I need to get another subscription. There is a great article in last issue about making a rocket stove. There is also a website www.backwoodsmanmag.com


----------



## LincTex (Apr 1, 2011)

The archives are INVALUABLE! Tons and tons of info, and it is free!

http://www.backwoodshome.com/article_index.html

http://www.backwoodshome.com/docs/index_1-138.pdf

Much Thanks to Backwoods Home Magazine!


----------



## goshengirl (Dec 18, 2010)

Great links - THANKS! :2thumb:


----------



## LincTex (Apr 1, 2011)

I just realized (due to lack of coffee at that time) the difference in names... "man" vs. "home".

I know nothing of "Backwoodsman" but I do like "Backwoods Home".


----------



## sailaway (Mar 12, 2009)

Get my bi monthly copy every other month:teeheeicked up the current one Saturday and finnished reading it last night. these magazines are loaded with good info and are part of my survival library. I actually keep them in a special area so if I bug out for a long period of time they will go with me. I especially like buying them at the Log Cabin Store in Lodi, Oh. The gang there is quite knowlegable and Liza is a pleasure to gawk at.  sail


----------



## OldCootHillbilly (Jul 9, 2010)

Good fun stuff in there.


----------



## mosquitomountainman (Jan 25, 2010)

LincTex said:


> I just realized (due to lack of coffee at that time) the difference in names... "man" vs. "home".
> 
> I know nothing of "Backwoodsman" but I do like "Backwoods Home".


They're both good magazines. I should have articles in upcoming issues in both of them.


----------



## Magus (Dec 1, 2008)

OleSarge said:


> Not sure if anyone else has ever heard of this magazine. I have been reading it on and off for a couple decades. There is some great info through it. I am in no way affiliated with the magazine just wanted to pass it on to others.


LOVE IT! good replacement for American Survival Guide.


----------



## OleSarge (Oct 30, 2012)

Like I said just wanted to pass on a good wealth of knowledge, thought others might be interested.


----------



## OldCootHillbilly (Jul 9, 2010)

Magus said:


> LOVE IT! good replacement for American Survival Guide.

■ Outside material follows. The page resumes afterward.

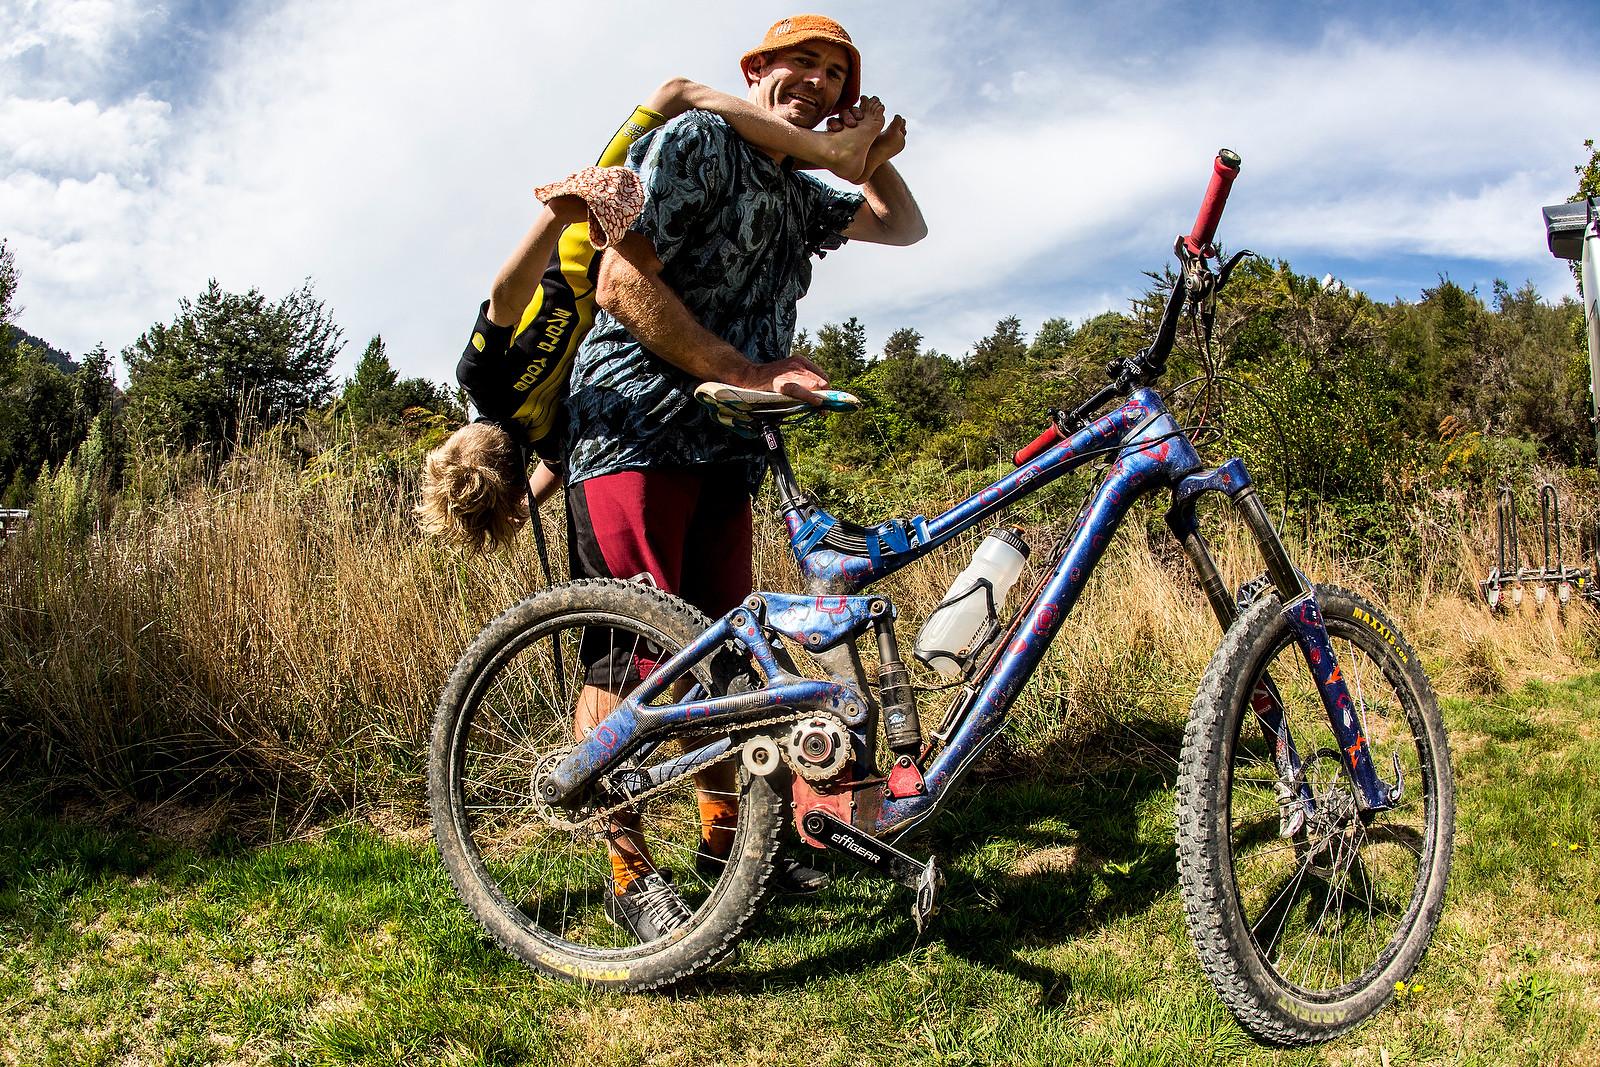 DIY Carbon Gearbox Enduro Bike - Richard Goldsbury's Bike - DIY Carbon Gearbox Enduro Bike - Richard Goldsbury's Bike - Mountain Biking Pictures - Vital MTB
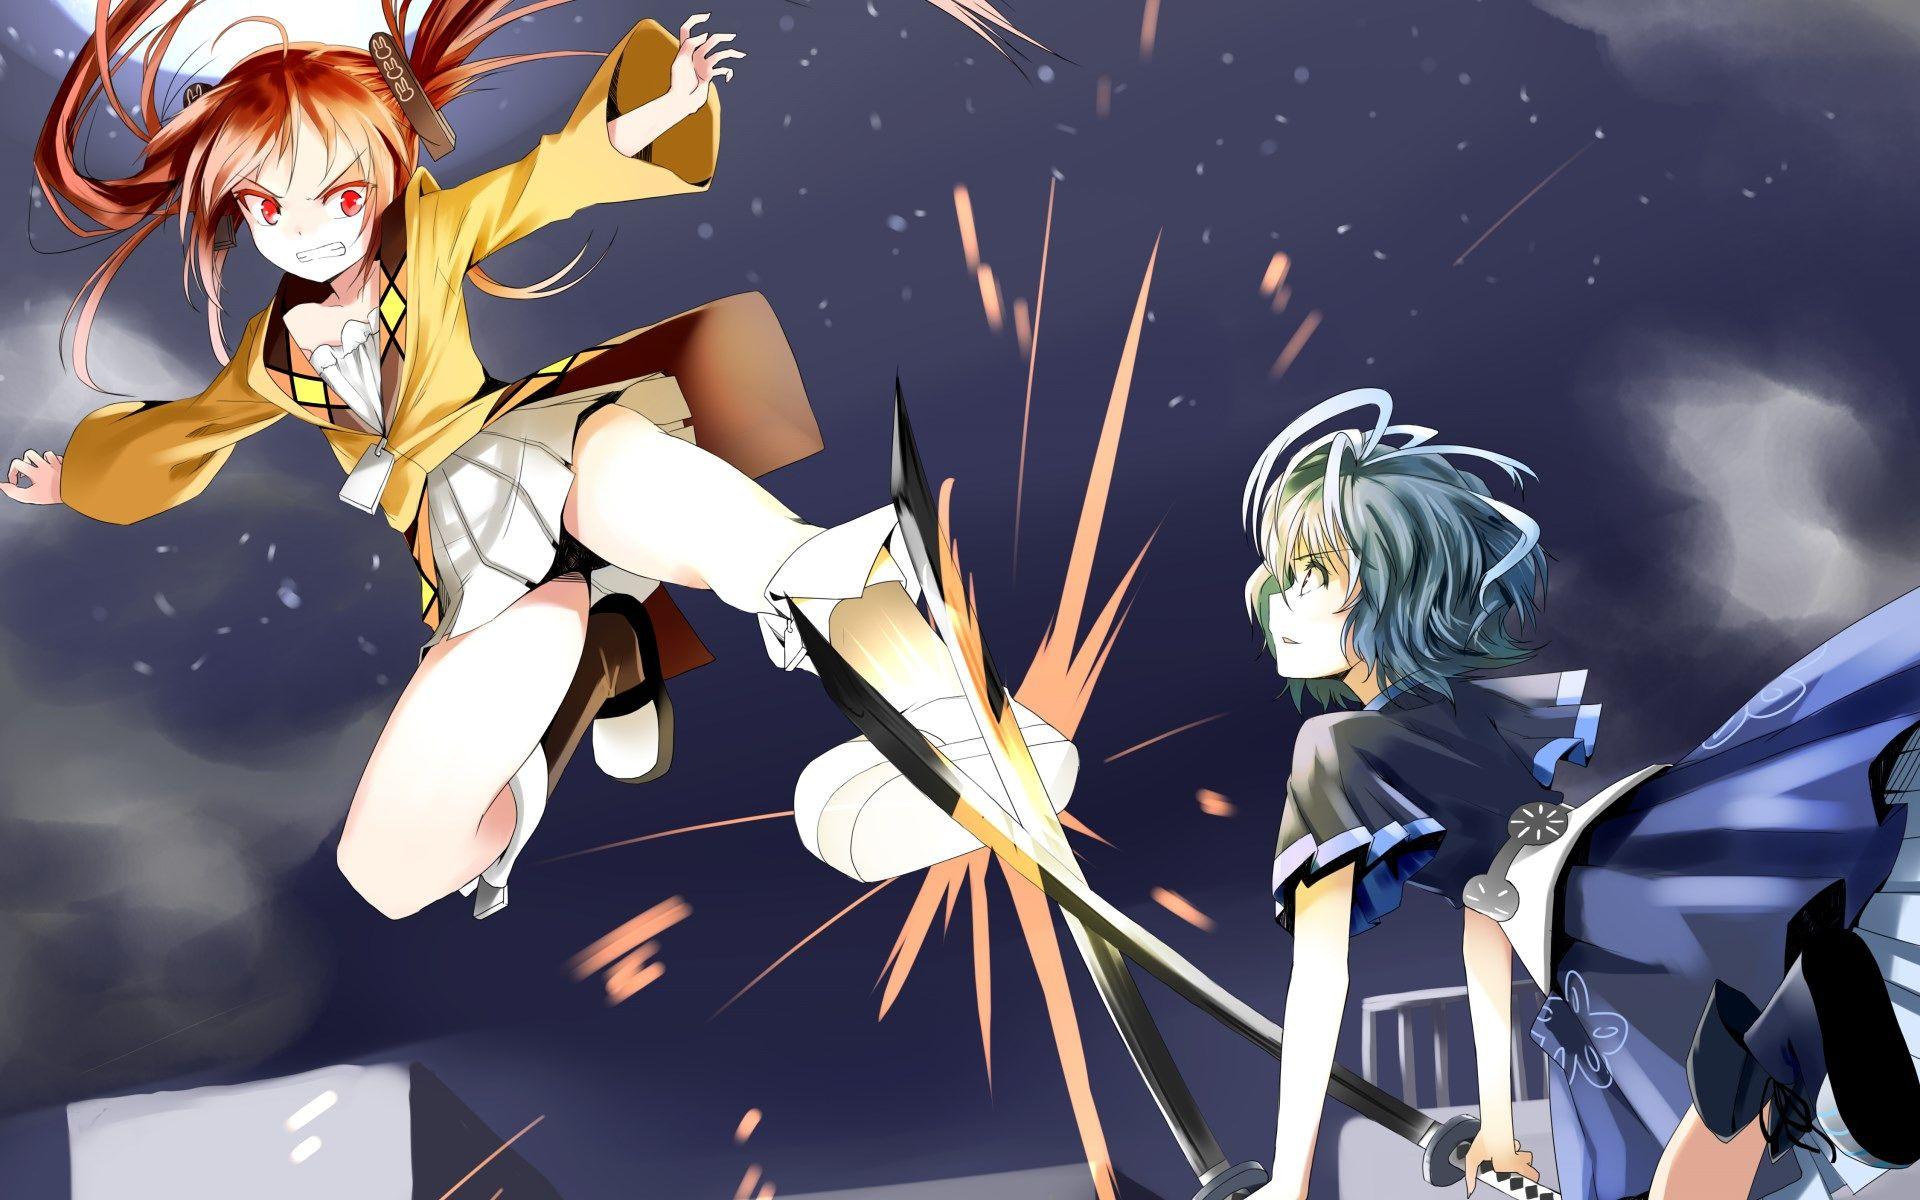 Serie anime black bullet Bullets, Posts and Black bullet

I miss that one sumtimes. Got a couple a good friends outa that one.


----------



## Magus (Dec 1, 2008)

Can't even get it here anymore.


----------



## OldCootHillbilly (Jul 9, 2010)

Yeah, they stopped publishin it. Bummer, I thin it would do real good now.


----------



## kappydell (Nov 27, 2011)

if you write an article and they print it, they pay in free subscription and/or advertising space. I write now and again for them so I keep getting the magazine, which is great, BTW.


----------



## VoorTrekker (Oct 7, 2012)

Does anyone remember "Survive" magazine? Published by Omega Goup Ltd, they publish Soldier of Fortune magazine. It ran barely a year and folded, back in 1982 or 1983.


----------



## LincTex (Apr 1, 2011)

kappydell said:


> if you write an article and they print it, they pay in free subscription and/or advertising space. I write now and again for them so I keep getting the magazine, which is great, BTW.


For backwoods home... or backwoodsman?


----------



## mosquitomountainman (Jan 25, 2010)

LincTex said:


> For backwoods home... or backwoodsman?


Backwoods Home pays by check.

Backwoodsman pays in a subscription to the mag. or advertising in the mag.


----------



## kappydell (Nov 27, 2011)

LincTex said:


> For backwoods home... or backwoodsman?


for the backwoodsman. in their letters section they often print a list of requested topics; that is what got me started. Someone asked about something i knew about and it grew from there...and yes, I recall 'survive' magazine, i enjoyed every issue i could find. they did not last long though.


----------



## MyName1sMud (Feb 27, 2012)

Yeah I've got a Sub to that and Mother Earth News but I I tend to like backwoodsman more.


----------